**What to work on**
Your answer must be an exact copy of the listing that follows, with all pictures omitted.

START Data extract

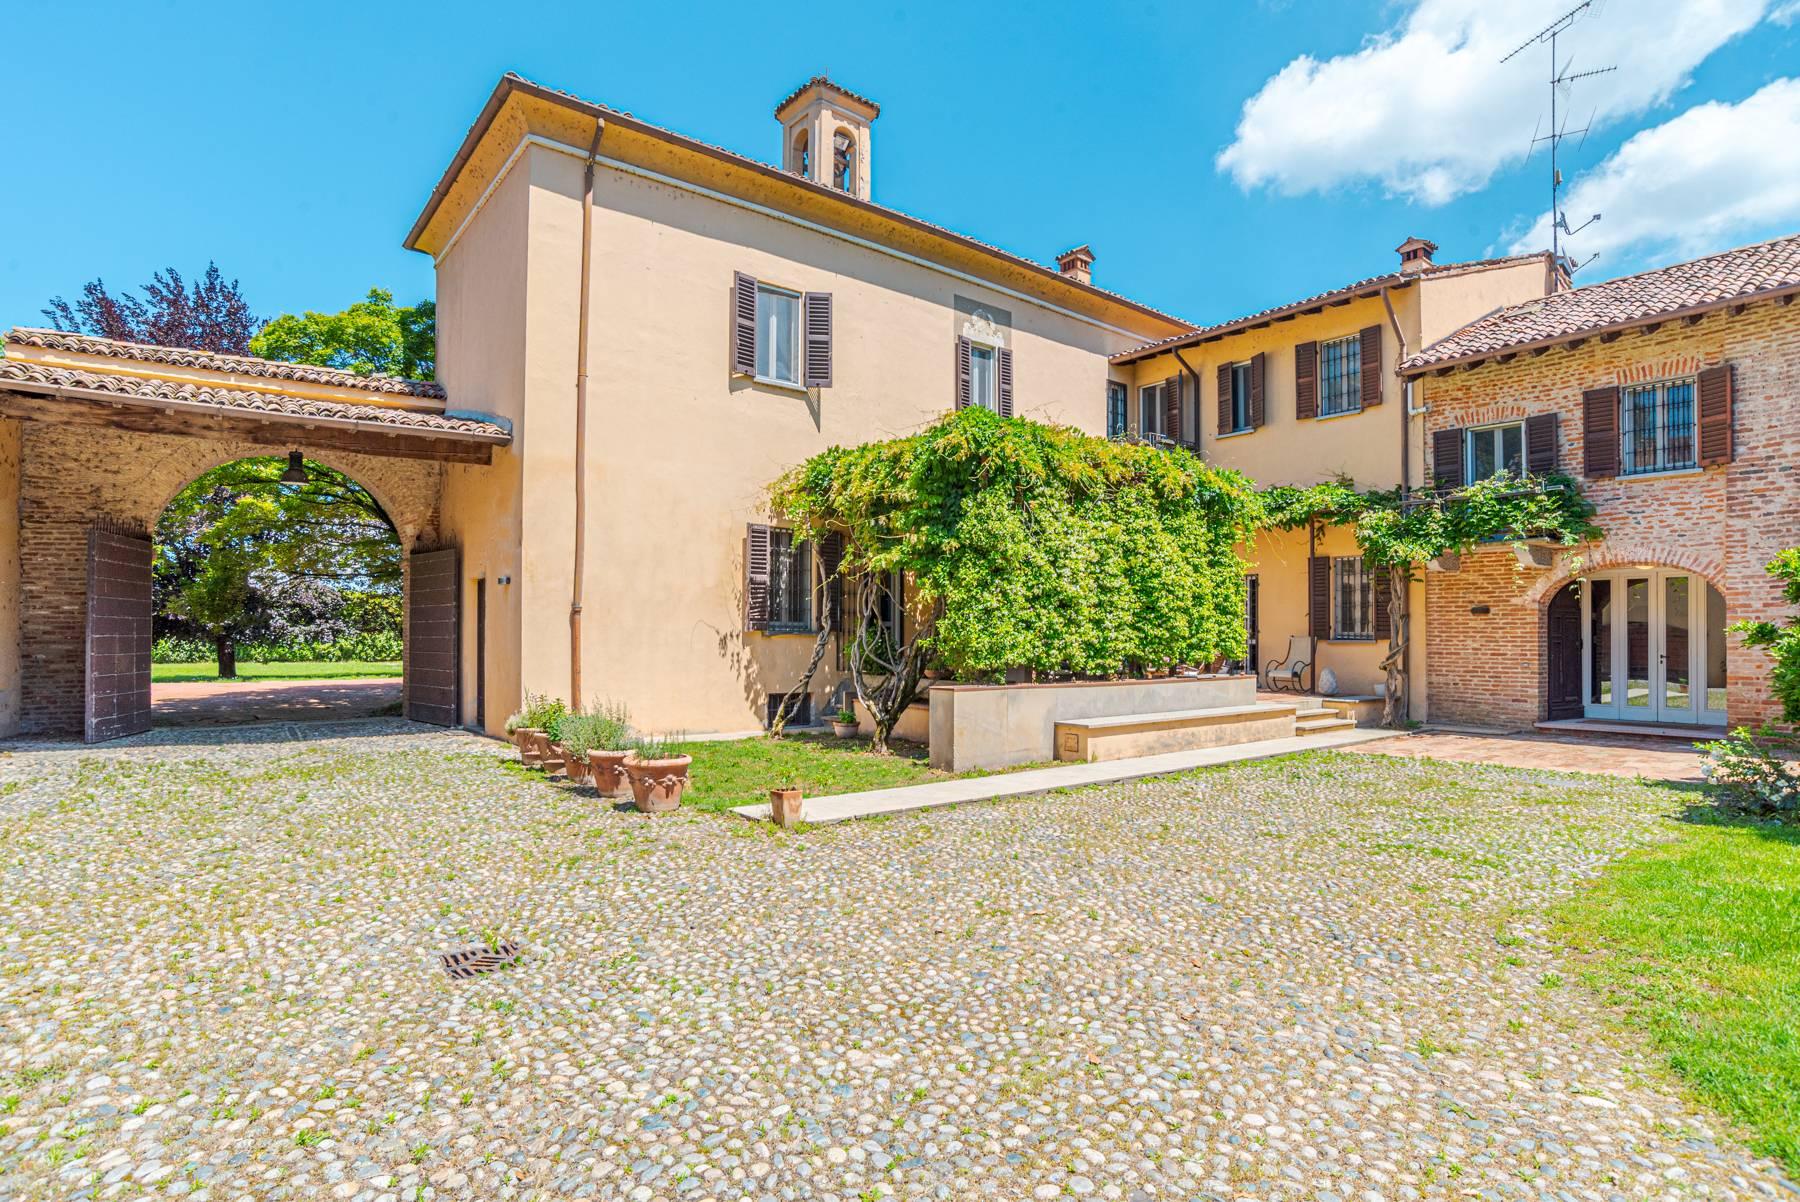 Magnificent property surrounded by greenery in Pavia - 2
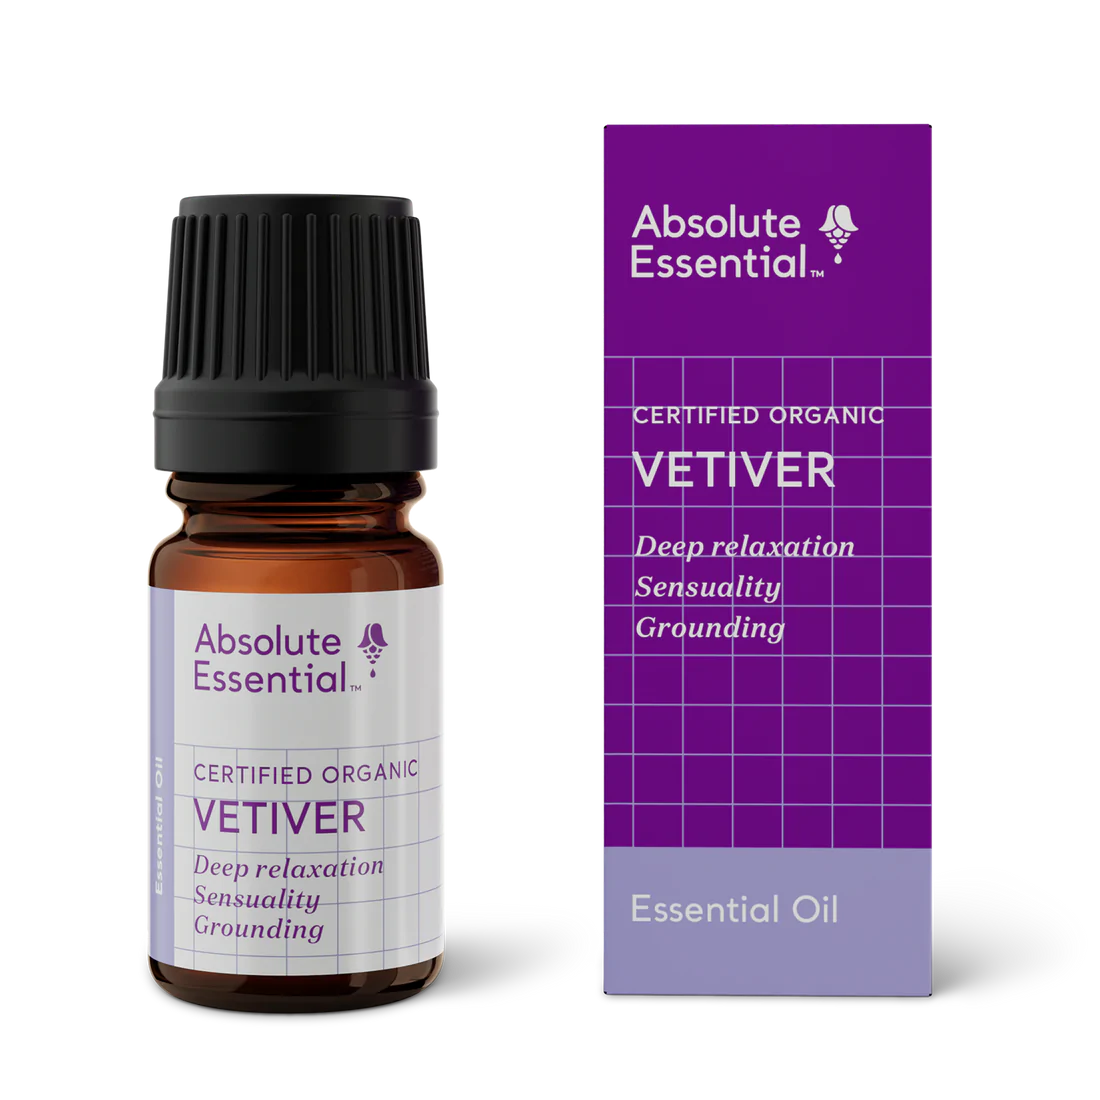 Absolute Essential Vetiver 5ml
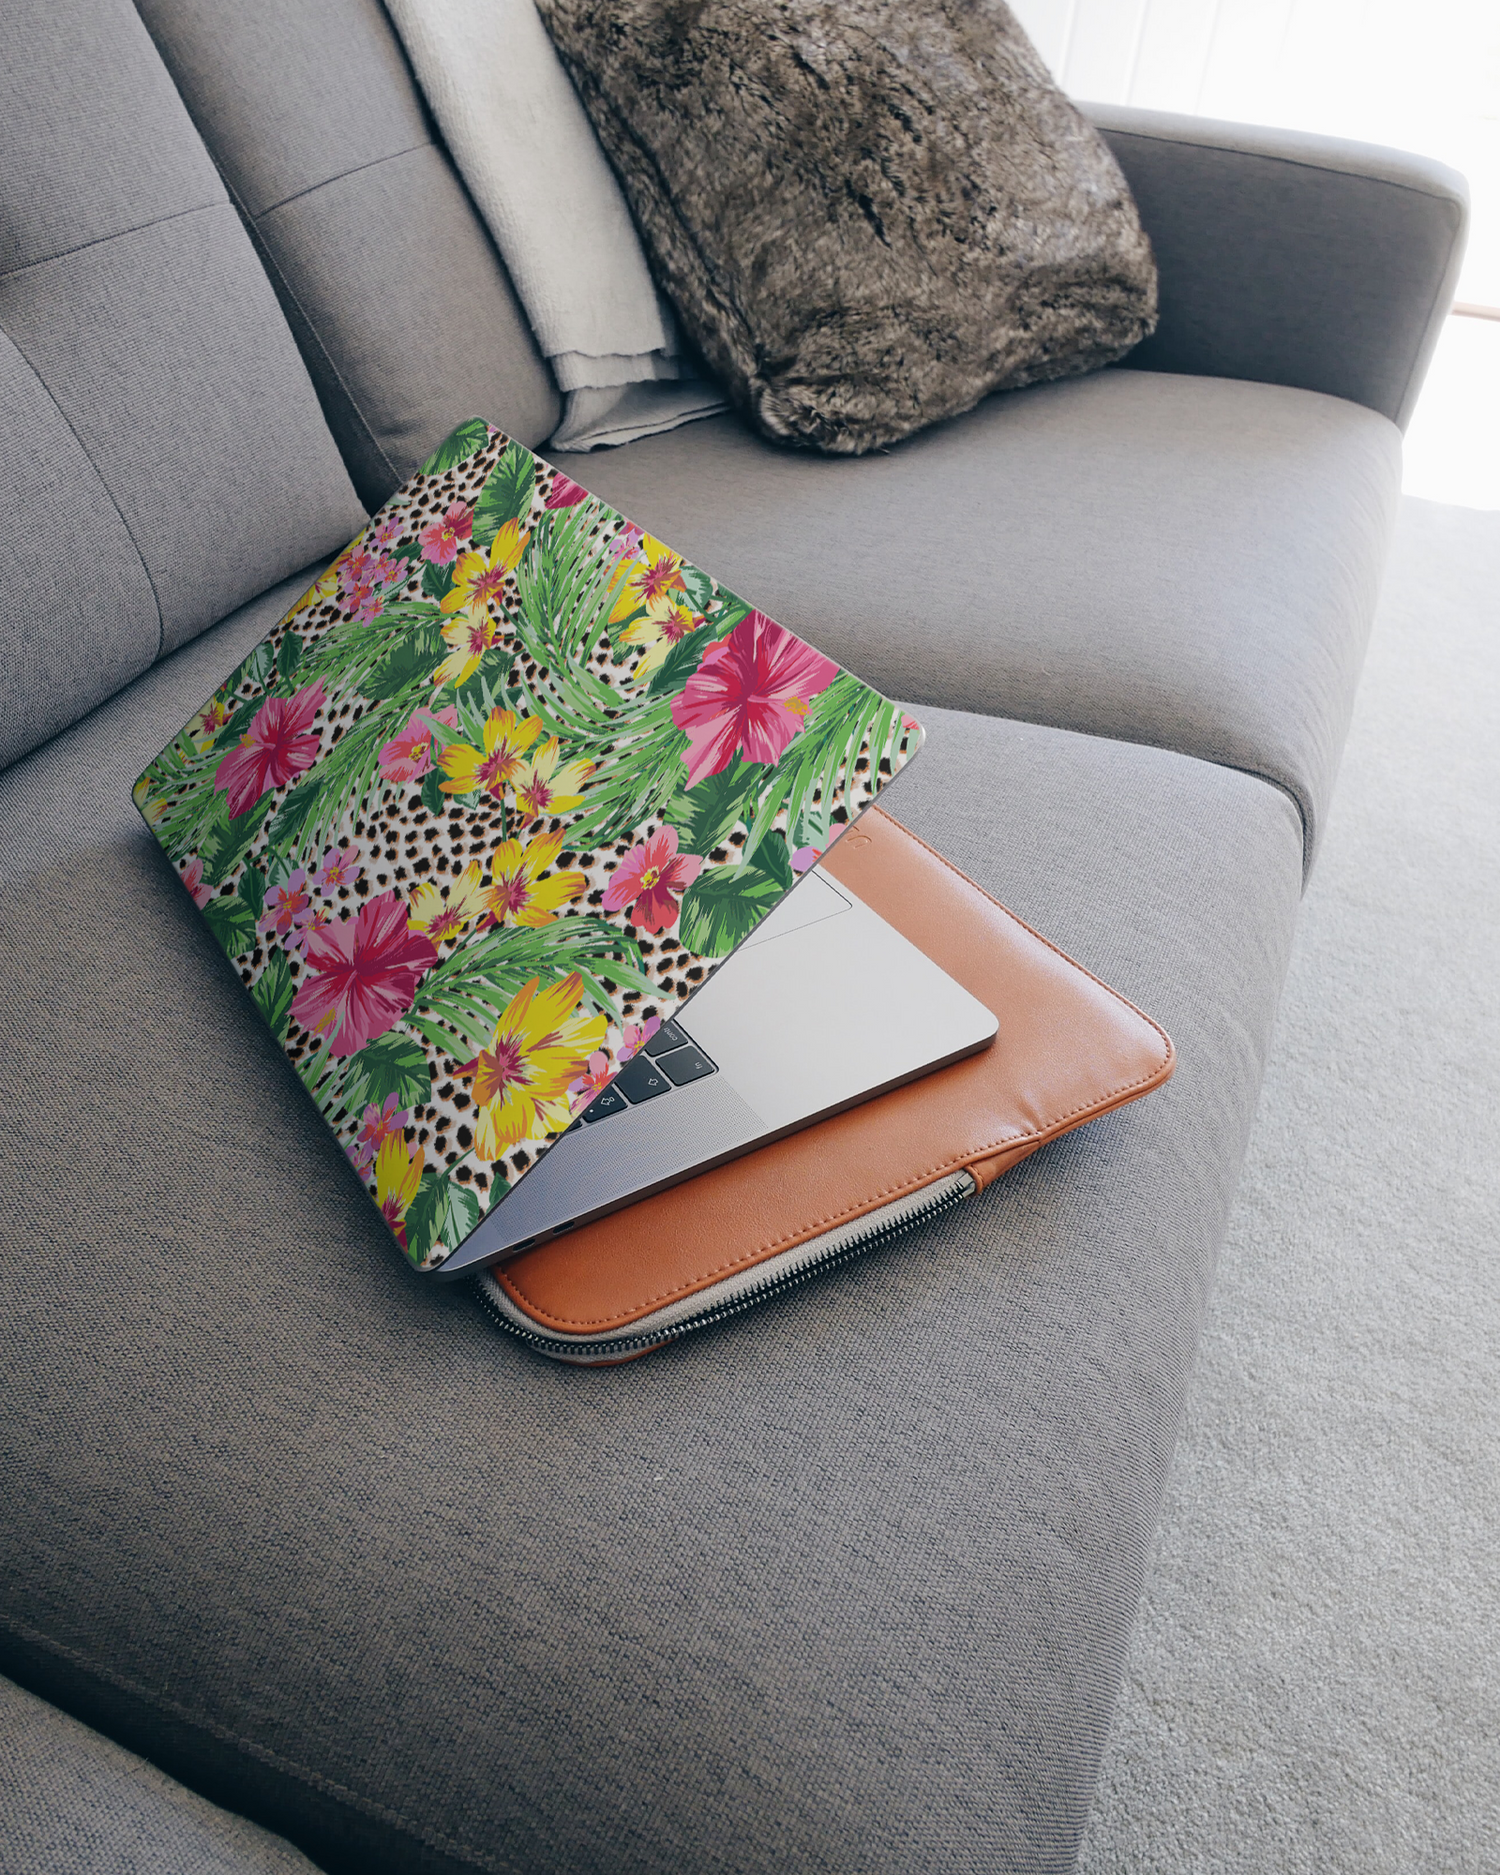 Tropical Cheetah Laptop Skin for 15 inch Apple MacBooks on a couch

END Data extract

**Result below**
 Magnificent property surrounded by greenery in Pavia - 2
 Absolute Essential Vetiver 5ml
 Tropical Cheetah Laptop Skin for 15 inch Apple MacBooks on a couch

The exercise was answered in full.